Entries below include pictures. Output exactly the lines from the one with "Lawrence+Station.jpg" down to the one with "鉛コンパイル葉を拾うヘチマコロン ヘチマコロンの化粧水 ピュア 120ml", both ends included, and leave the pictures out.

_EXERCISE MATERIALS_
════════════════════

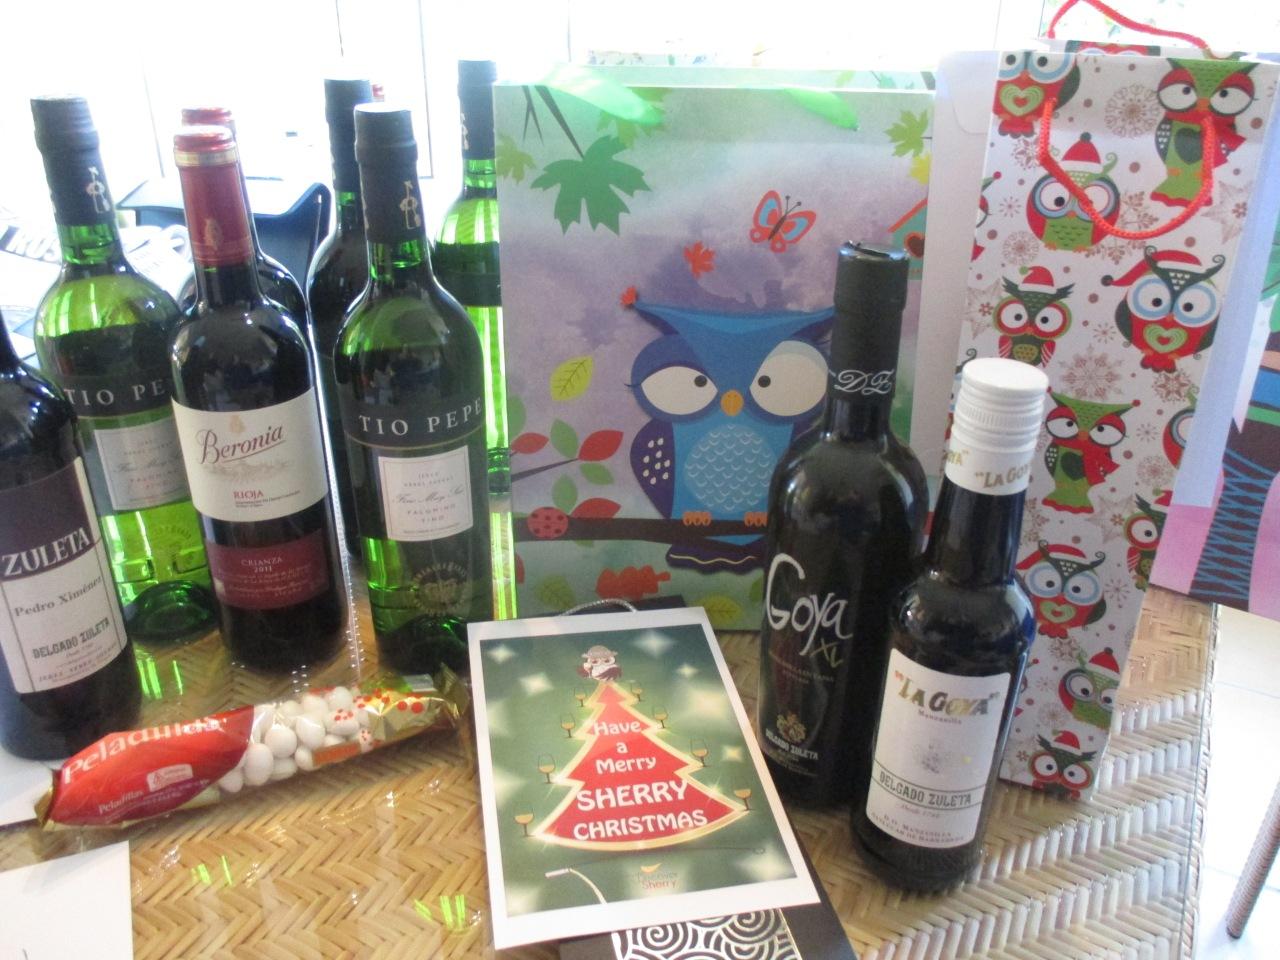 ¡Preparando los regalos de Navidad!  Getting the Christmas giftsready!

════════════════════

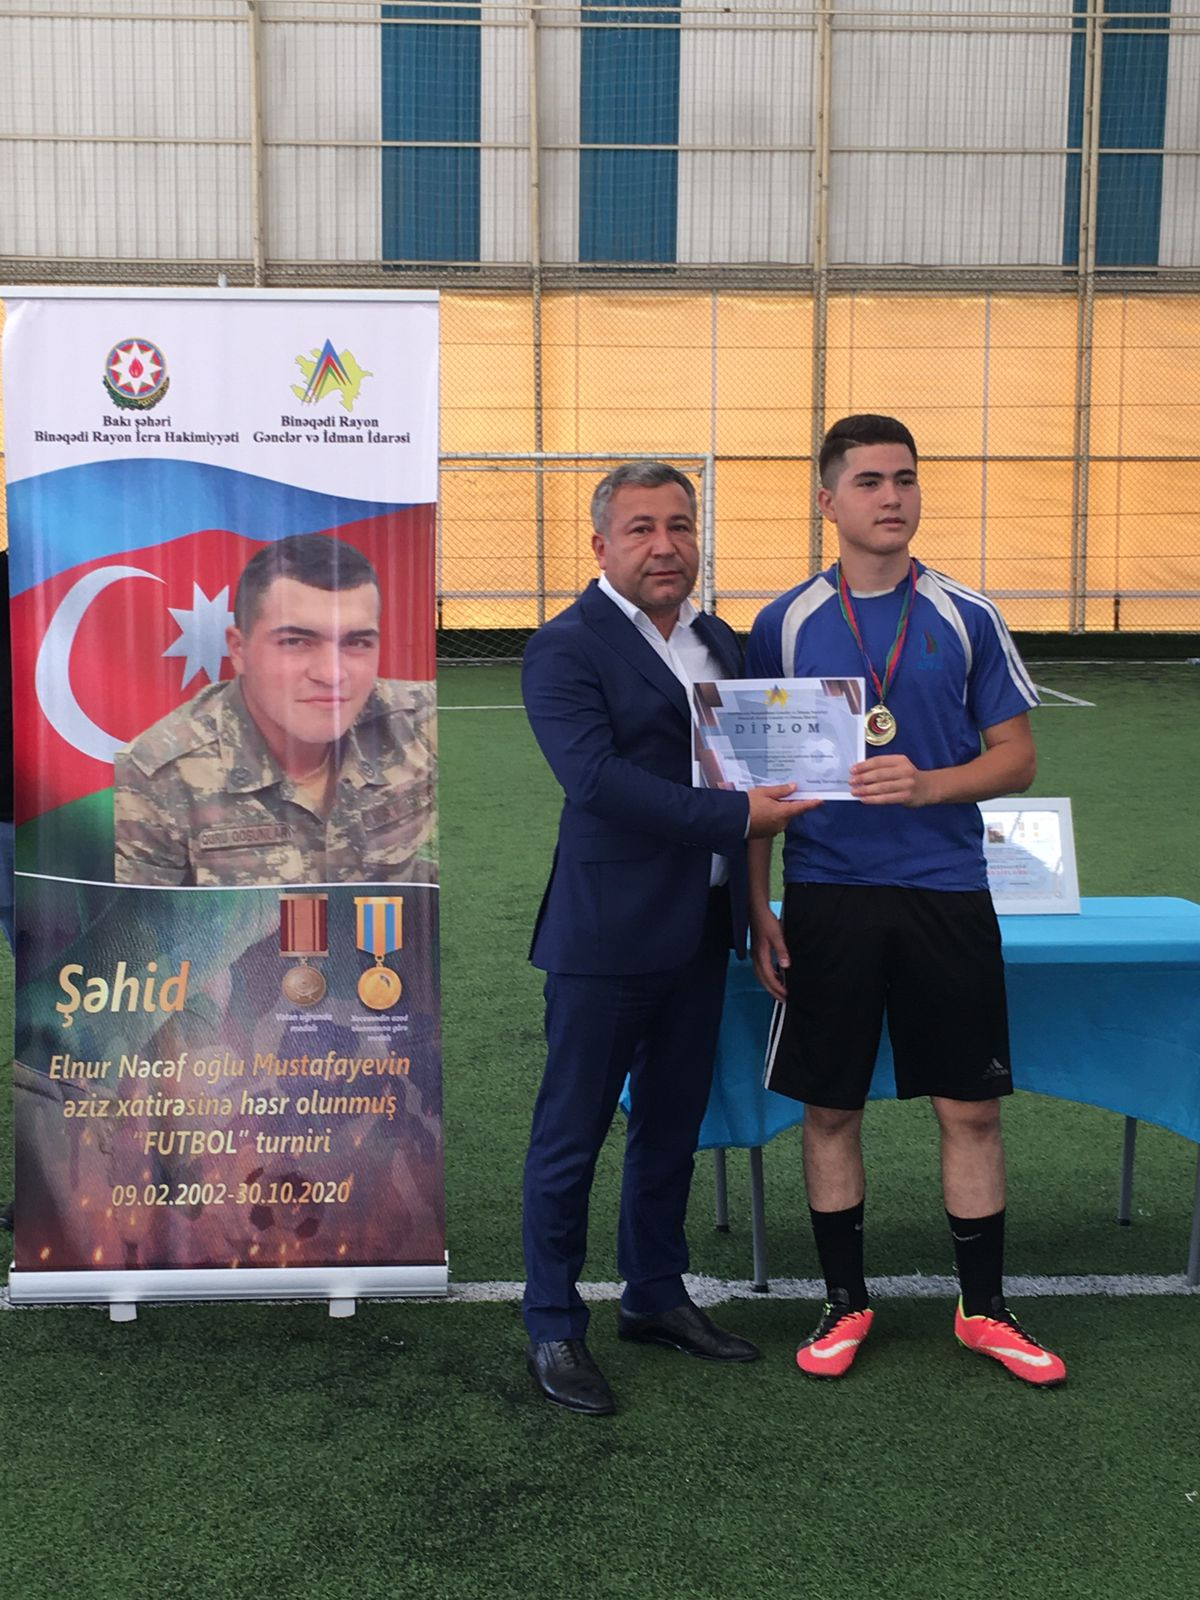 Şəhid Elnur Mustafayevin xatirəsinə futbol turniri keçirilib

════════════════════

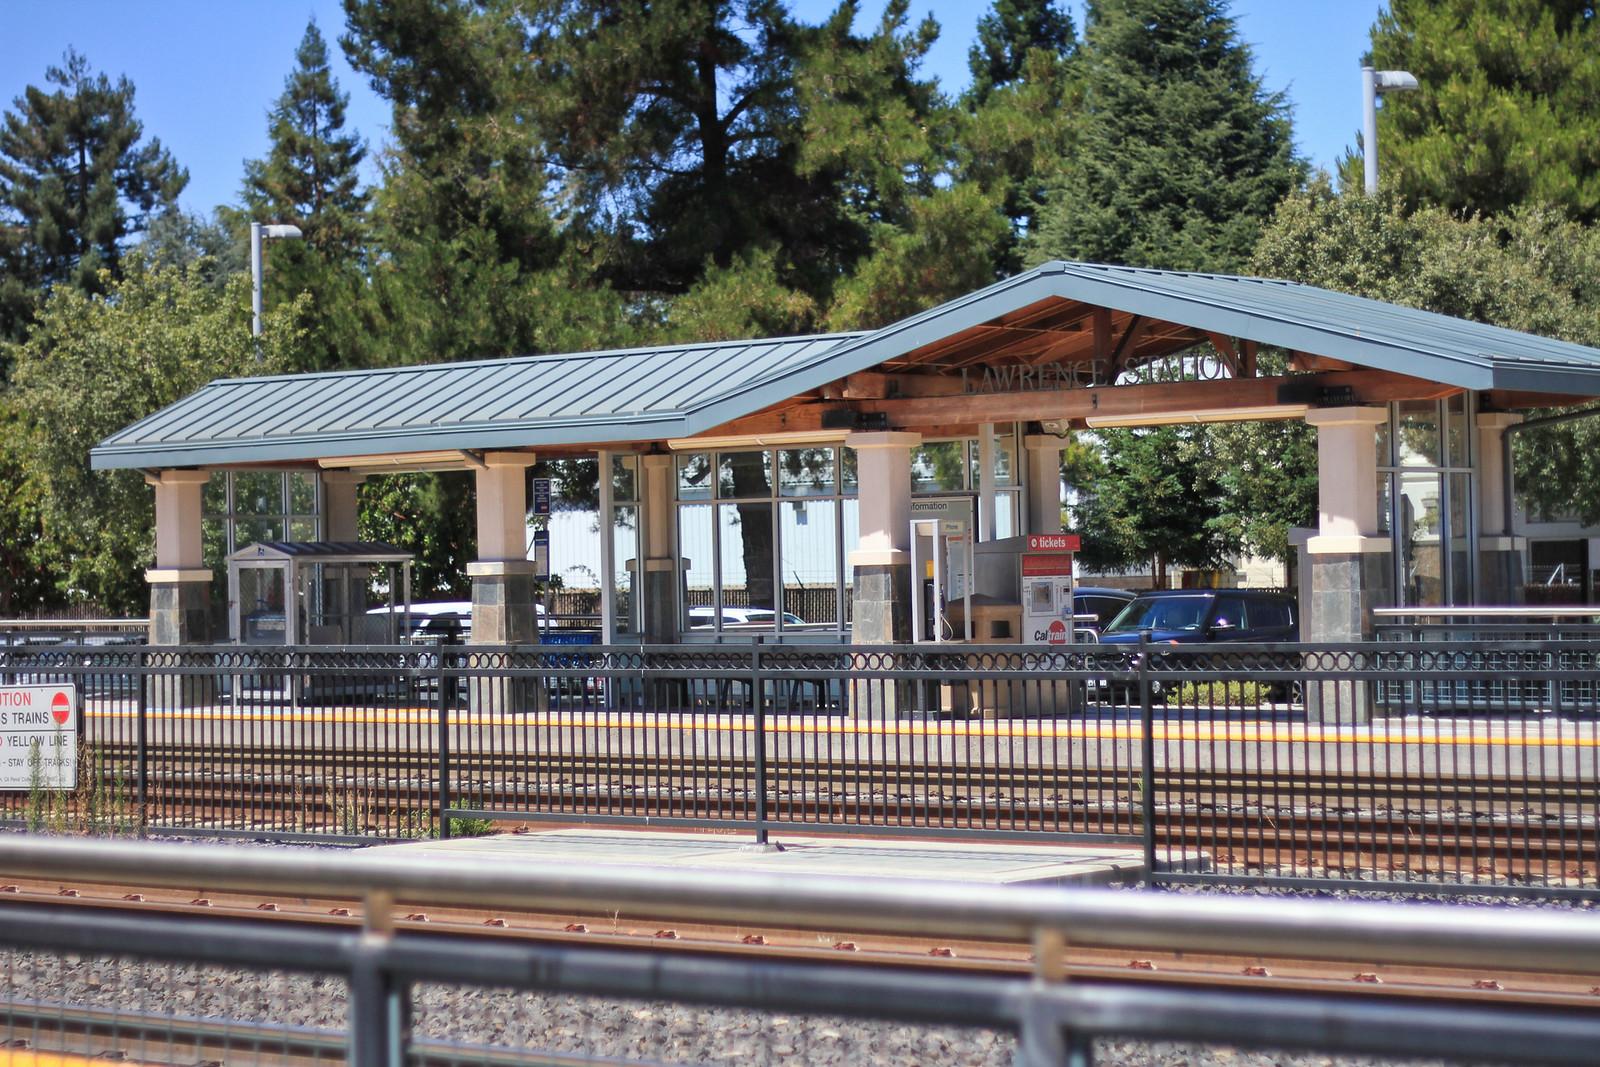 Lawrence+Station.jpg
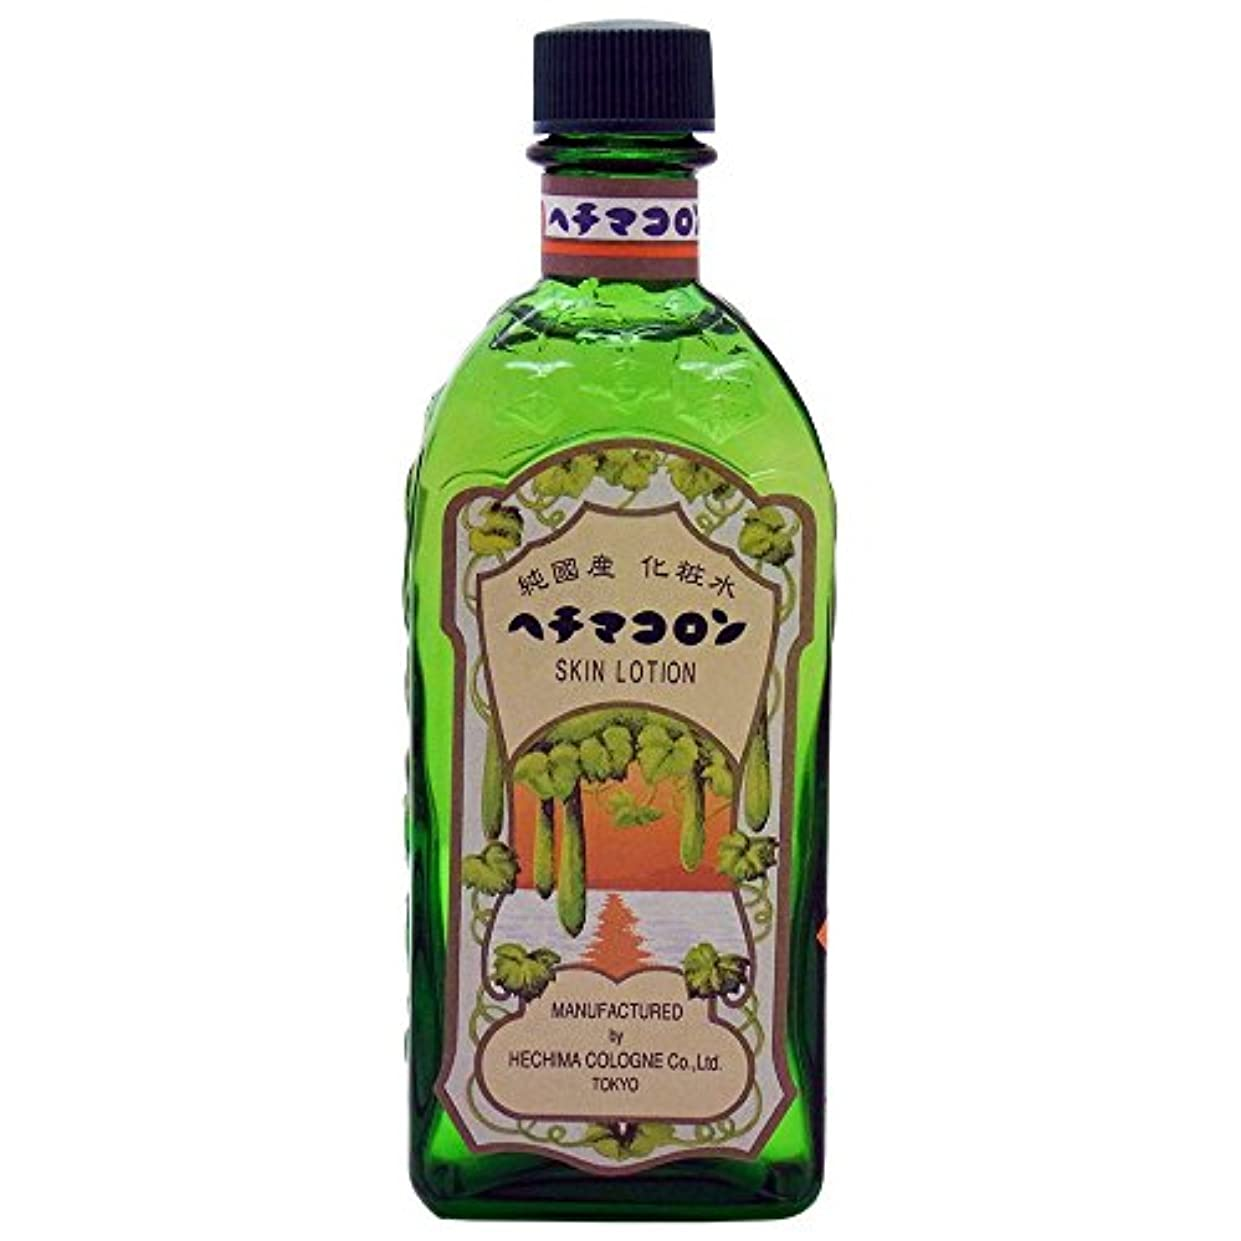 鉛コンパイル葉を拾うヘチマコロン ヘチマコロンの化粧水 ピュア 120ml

════════════════════

_YOUR SOLUTION_
 Lawrence+Station.jpg
 鉛コンパイル葉を拾うヘチマコロン ヘチマコロンの化粧水 ピュア 120ml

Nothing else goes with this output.